Linux uses unified system for caching file names called Directory Entry Cache or simply, dentry cache. When file is opened, one of d_lookup() functions are called:

# stap -e '
    probe kernel.function("__d_lookup*") {
        if(execname() != "cat") next;
    }' -c 'cat /etc/passwd > /dev/null'

Now, when file is opened, we can read or write its contents. All file data is located on disk (in case of disk-based file systems), but translating every file operation into block operation is expensive, so operating system maintains page cache. When data is read from file, it is read from disk to corresponding page and then requested chunk is copied to userspace buffer, so subsequent reads to that file won't need any disk operations –- it would be performed on page cache. When data is written onto file, corresponding page is updated and page is marked as dirty (red asterisk on image).

At the unspecified moment of time, page writing daemon which is relocated in kernel scans page cache for dirty pages and writes them back to disk.
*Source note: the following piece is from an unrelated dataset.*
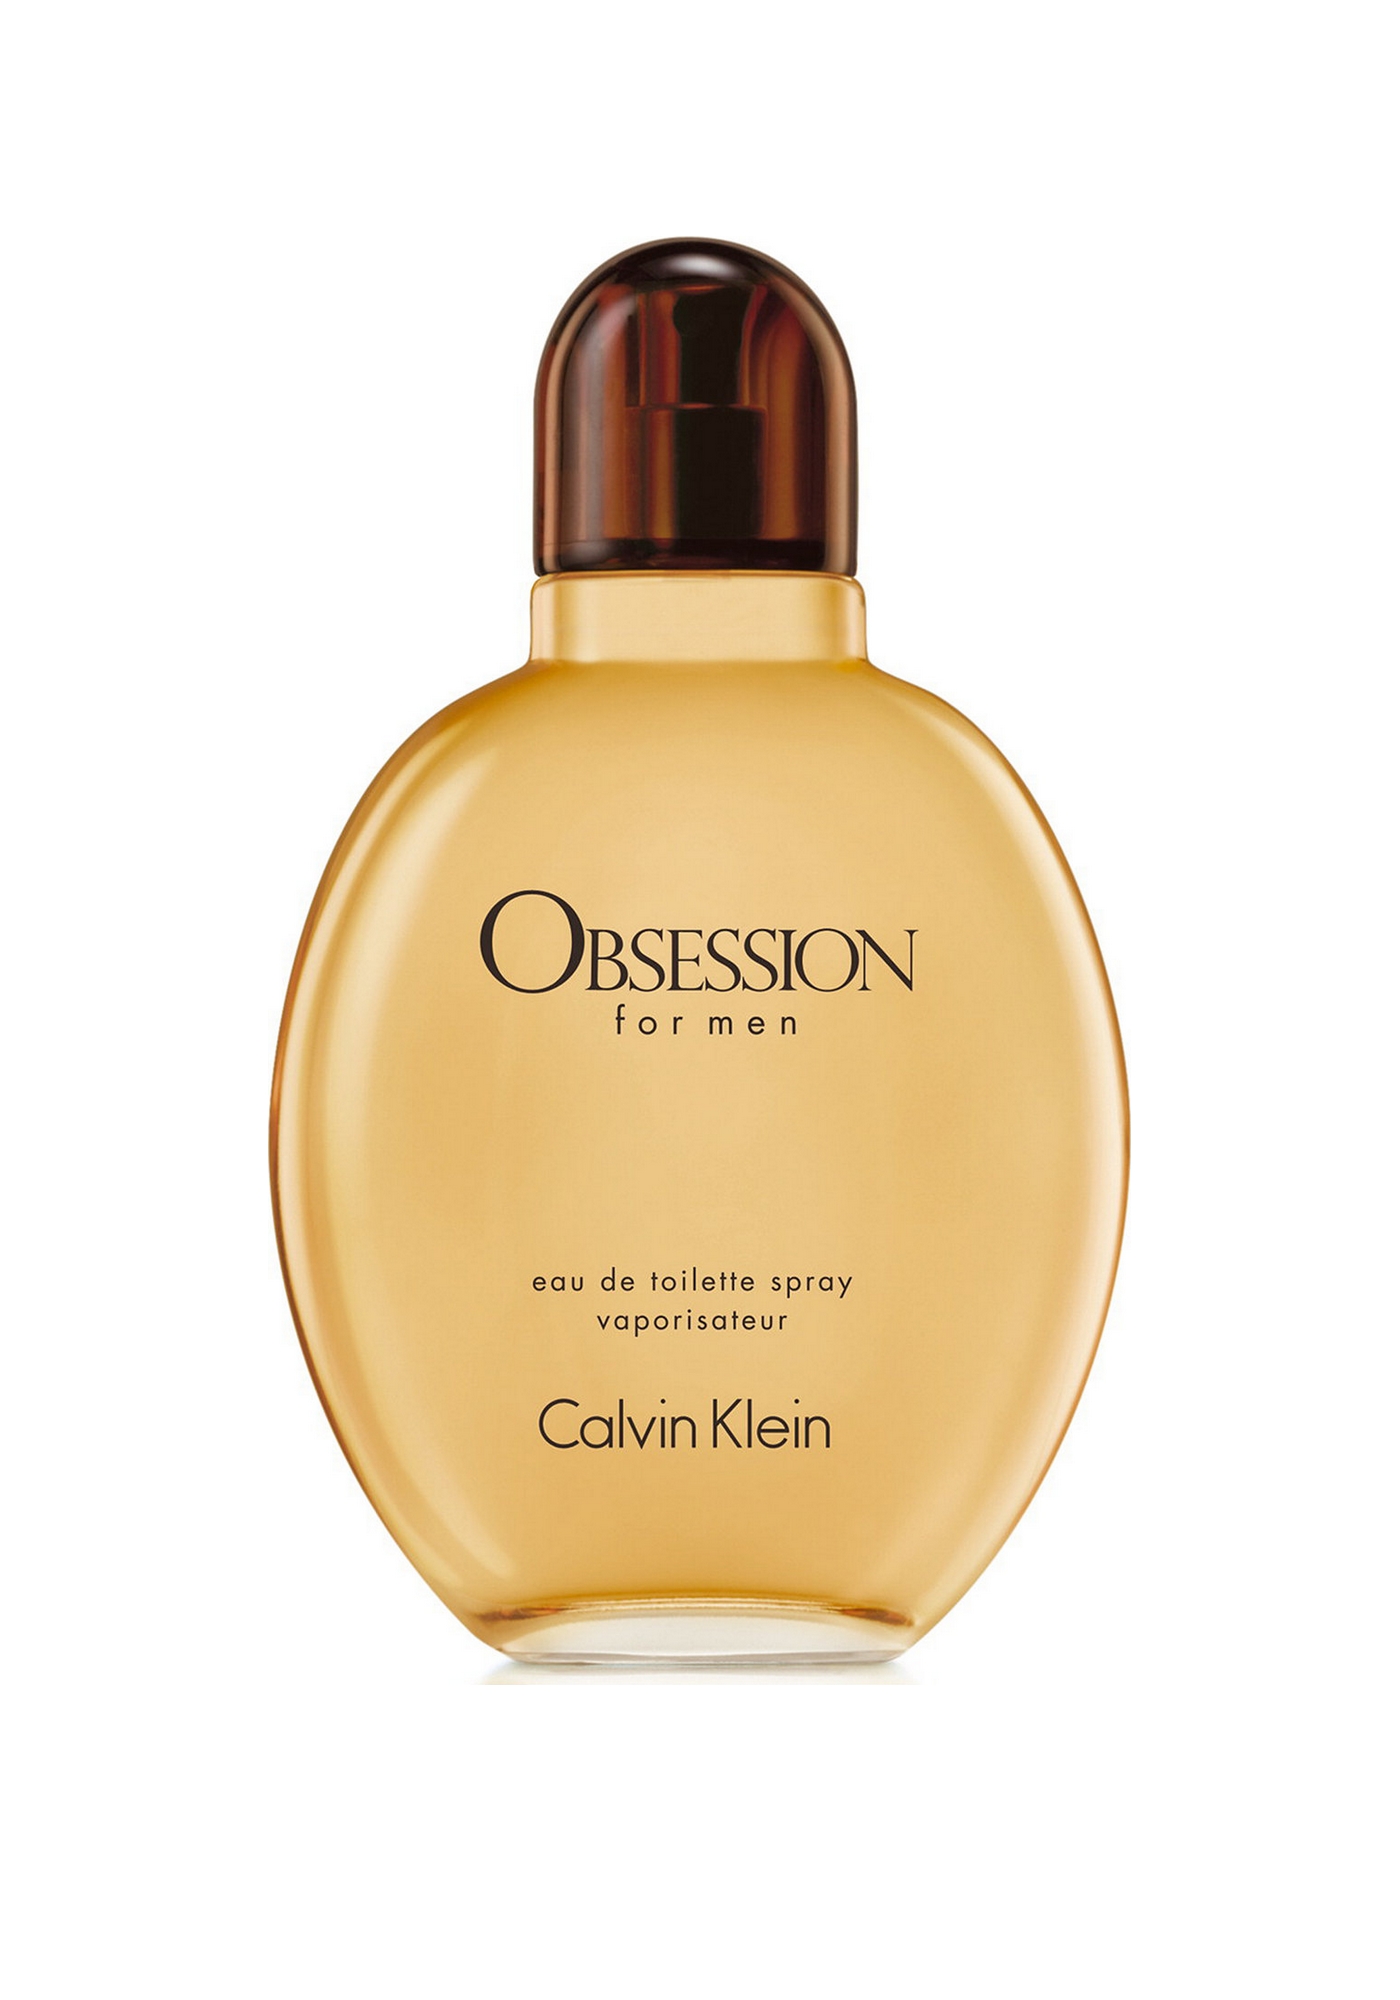 Weekendtas Bot Graag gedaan Heren Parfum, Calvin Klein Obsession, Eau de Toilette 75ml spray -...

Note that mmap() operation in this case will simply map pages from page cache to process address space. Not all filesystems use page cache. ZFS, for example, uses its own caching mechanism called Adaptive Replacement Cache or ARC which is built on top of kmem allocator.

Let's see how read() system call is performed in detail:

Action Solaris Linux
Application initiates file reading using system call read() sys_read()
Call is passed to VFS stack top layer fop_read() vfs_read()
Call is passed to filesystem driver v_ops->vop_read() file->f_op->read() or do_sync_read() or new_sync_read()
If file is opened in direct input output mode, appropriate function is called and data is returned I.e. ufs_directio_read() a_ops->direct_IO
If page is found in page cache, data is returned vpm_data_copy() or segmap_getmap_flt() file_get_page()
If page was not found in page cache, it is read from filesystem v_ops->vop_getpage() a_ops->readpage()
VFS stack creates block input-output request bdev_strategy() submit_bio()
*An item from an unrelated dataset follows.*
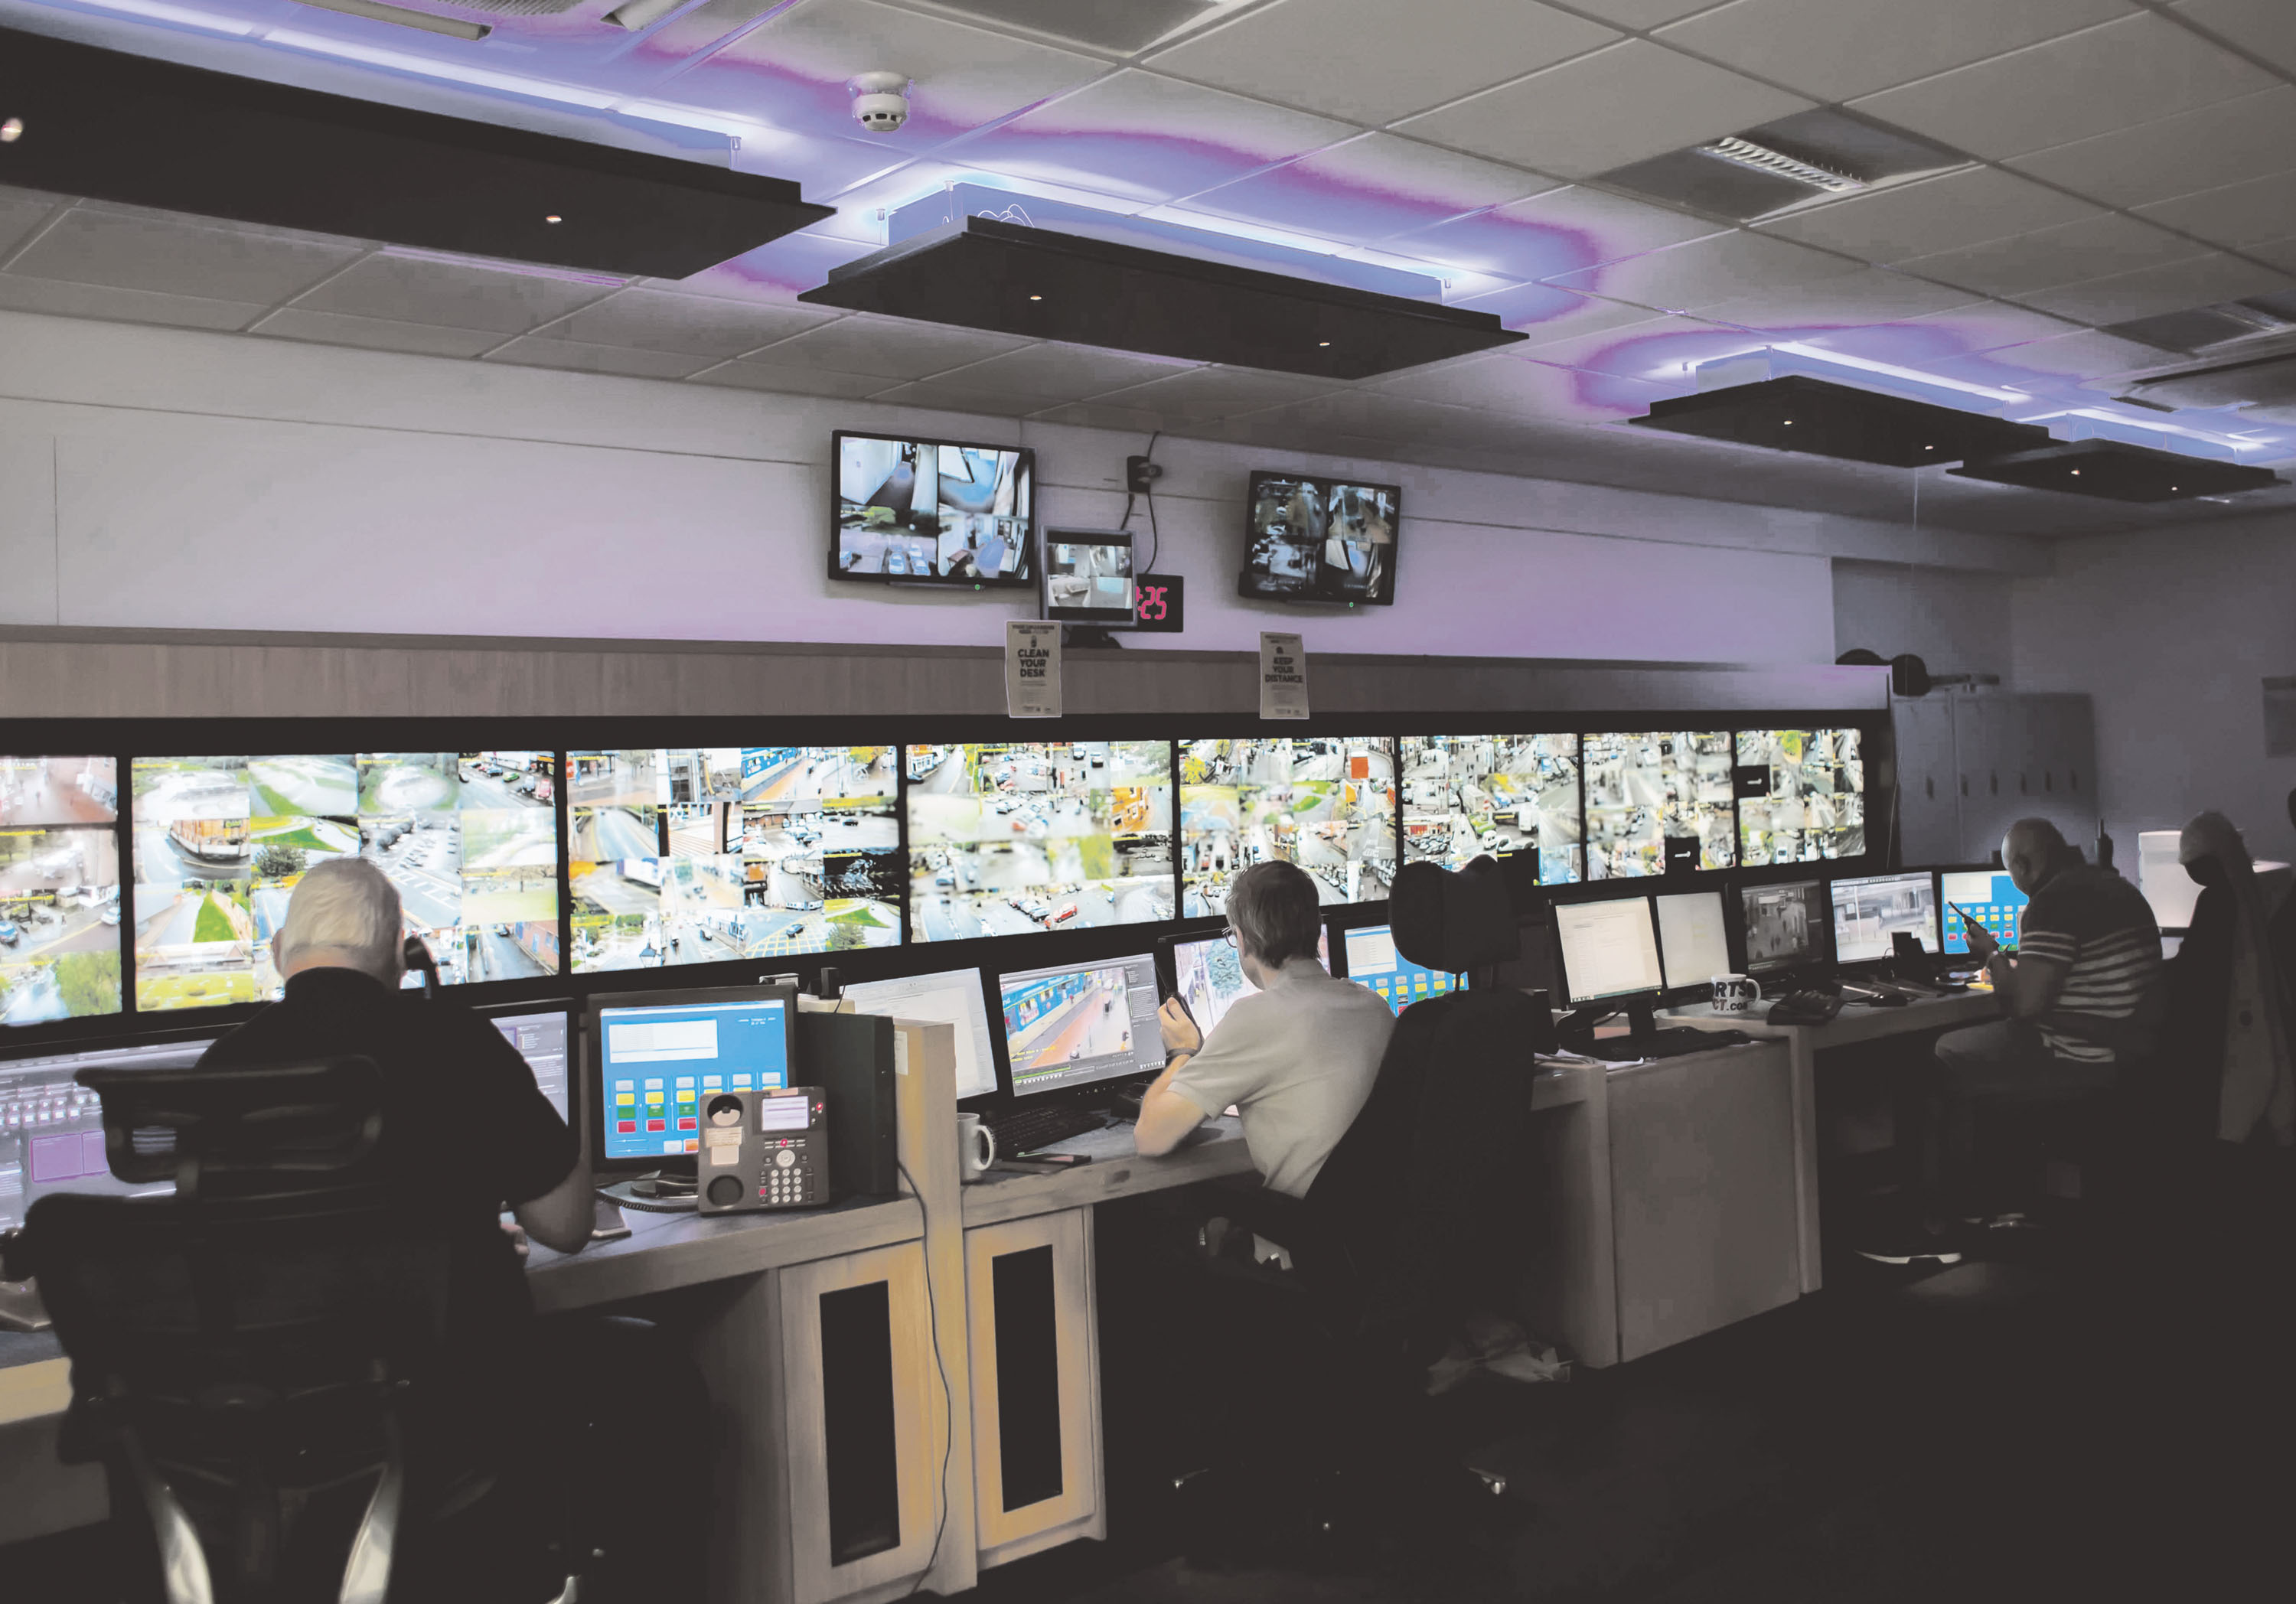 CCTV network goes digital

This table is very simplistic and doesn't cover many filesystem types like non-disk or journalling filesystems.

We used names v_ops for table of vnode operations in Solaris, f_op for file_operations and a_ops for address_space_operations in Linux. Note that in Linux filesystems usually implement calls like aio_read or read_iter while read operation calls function like new_sync_read() which converts semantics of read() call to semantics of f_op->read_iter() call. Such "generic" functions are available in generic and vfs tapsets.